In opposition, plaintiff argues that defendants had a duty to disclose all material information regarding the retention of management, in view of the "false state of affairs publicly portrayed." Plaintiff claims that because defendants chose to speak about the "positive aspects" of FoxHollow's management, they were obligated to disclose the negative aspects as well.

a. Pre-class period statements

Defendants argue that the pre-class period statements cited by plaintiff did not create a duty to report on any subsequent management discord or disharmony, or to disclose Simpson's alleged "edict" to management, as the securities laws do not impose an ongoing duty to update prior disclosures to make them complete.

Defendants also argue that the pre-class period statements are not actionable. In general, liability in a securities class action lawsuit cannot attach to statements made either before or after the class period. See In re Seagate Tech. II Sec. Litig., 1995 WL 66841 at *4 (N.D. Cal., Feb. 8, 1995). Nevertheless, the court has addressed defendants' other arguments regarding the pre-class period statements because those arguments extend to the class-period statements as well.

Plaintiffs allege that the statements cited from the April 27 and July 27, 2005 conference calls; the statements cited from the Form 10-K for 2004, and the Form 10-Qs for 1Q05 and 2Q05; and the statements cited from the April 29, 2005 Proxy Statement were misleading because "the public market and industry analysts were uniformly led to believe that FoxHollow's Board was entirely satisfied with the performance of its executive team, including Thomas . . ." FAC ¶ 64. Plaintiff claims that this public perception was mistaken "[b]eginning in August 2005." Id.

The statements cited from the April 27, 2005 conference call, are the following, made by Thomas:

• "We are executing on our plan by growing our sales force, increasing capacity and implementing effective marketing and sales programs."

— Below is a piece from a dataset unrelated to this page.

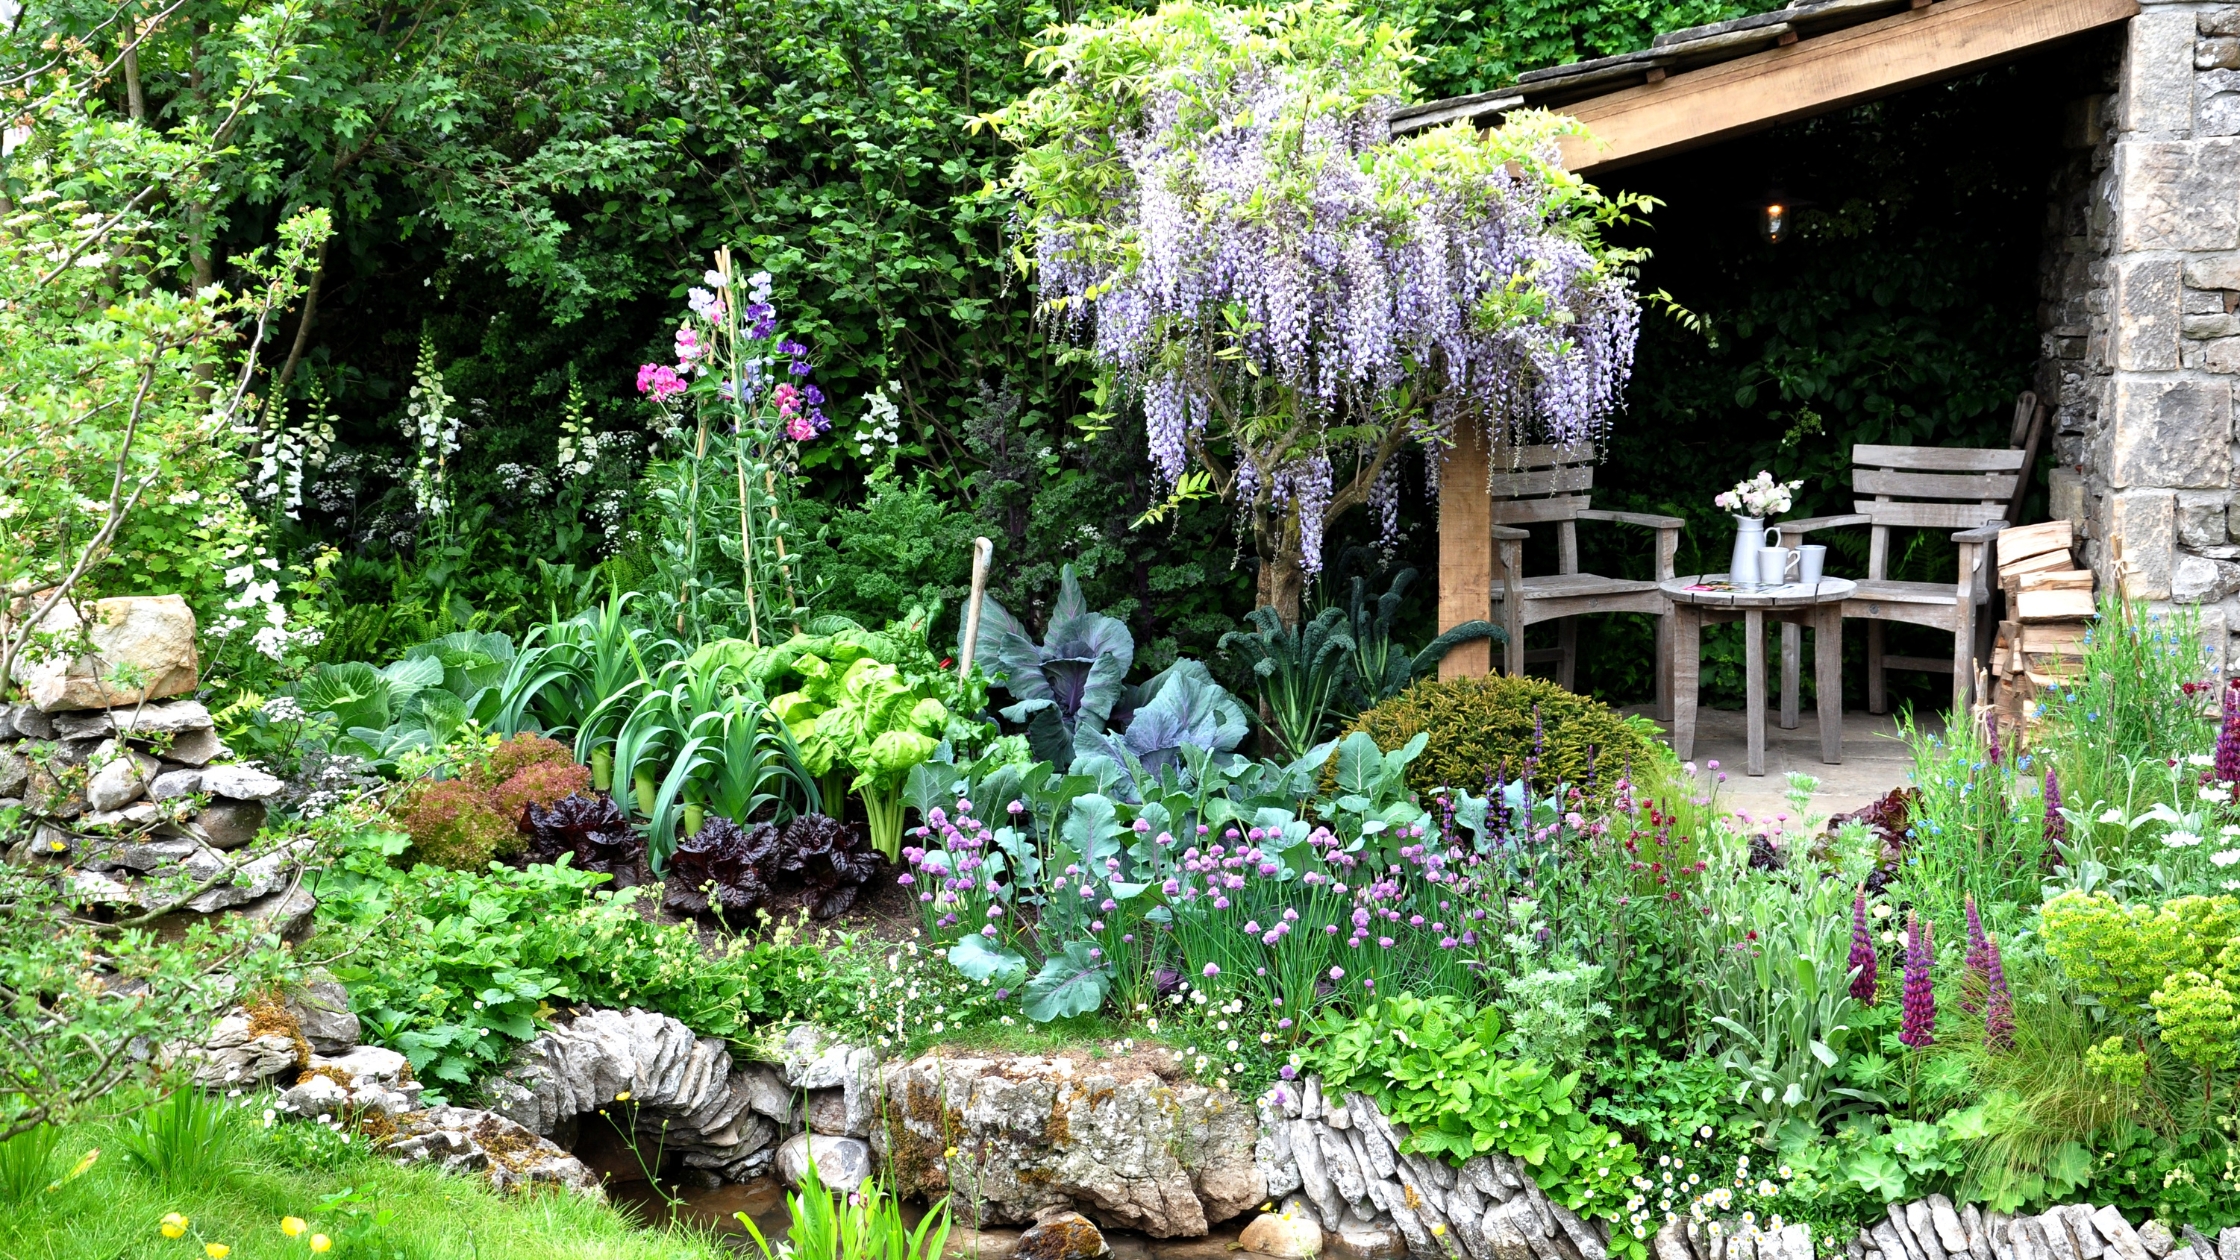 15+ Inspiring Garden Ideas to Transform Your Outdoor Space

• "At the same time, we are running the company to ensure that we achieve managed growth and drive the company toward profitability."

• "As a result, we believe our story will only get better in the months and years ahead."

• "The challenge we face is not one of creating a market, but rather executing on the opportunities in front of us."

• "We believe we have the resources, technology, people, and financials to realize our goals not only with our core business but in other exciting areas as well."

The statements cited from the July 27, 2005 conference call are the following, made by Thomas:

• "An important piece of the FoxHollow infrastructure story is our people."

• "We are continuing to add to our bench strength with the addition of management personnel in all areas of the Company."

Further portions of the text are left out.